## [What the task requires]
Look through the listing below and write out exactly the lines from the line with "Jerome Dreyfuss Sandie 50mm Boots - Noir" to the line with "Entrenandobasket_35", both included, and no others.

## [Given data]
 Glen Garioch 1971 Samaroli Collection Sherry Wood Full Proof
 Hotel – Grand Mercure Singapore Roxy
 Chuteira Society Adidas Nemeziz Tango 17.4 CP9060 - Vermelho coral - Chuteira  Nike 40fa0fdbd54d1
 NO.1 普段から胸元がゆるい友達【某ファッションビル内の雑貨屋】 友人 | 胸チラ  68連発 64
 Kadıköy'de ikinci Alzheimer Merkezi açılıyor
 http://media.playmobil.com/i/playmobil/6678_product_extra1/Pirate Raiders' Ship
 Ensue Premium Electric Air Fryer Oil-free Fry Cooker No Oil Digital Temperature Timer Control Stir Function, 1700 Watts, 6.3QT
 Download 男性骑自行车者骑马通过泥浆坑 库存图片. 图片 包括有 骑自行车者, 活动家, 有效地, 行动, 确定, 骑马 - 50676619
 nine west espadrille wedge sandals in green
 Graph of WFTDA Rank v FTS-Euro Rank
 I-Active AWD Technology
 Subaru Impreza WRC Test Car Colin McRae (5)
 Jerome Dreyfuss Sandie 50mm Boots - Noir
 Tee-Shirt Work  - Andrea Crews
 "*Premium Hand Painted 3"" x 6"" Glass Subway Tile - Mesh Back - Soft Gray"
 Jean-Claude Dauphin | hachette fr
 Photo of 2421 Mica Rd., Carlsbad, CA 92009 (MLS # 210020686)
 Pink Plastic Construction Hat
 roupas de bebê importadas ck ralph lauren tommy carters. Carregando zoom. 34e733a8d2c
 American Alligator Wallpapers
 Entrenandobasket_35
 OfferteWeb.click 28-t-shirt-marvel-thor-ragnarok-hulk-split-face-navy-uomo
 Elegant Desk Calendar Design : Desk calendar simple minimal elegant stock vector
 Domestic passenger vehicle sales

## [Written reply]
 Jerome Dreyfuss Sandie 50mm Boots - Noir
 Tee-Shirt Work  - Andrea Crews
 "*Premium Hand Painted 3"" x 6"" Glass Subway Tile - Mesh Back - Soft Gray"
 Jean-Claude Dauphin | hachette fr
 Photo of 2421 Mica Rd., Carlsbad, CA 92009 (MLS # 210020686)
 Pink Plastic Construction Hat
 roupas de bebê importadas ck ralph lauren tommy carters. Carregando zoom. 34e733a8d2c
 American Alligator Wallpapers
 Entrenandobasket_35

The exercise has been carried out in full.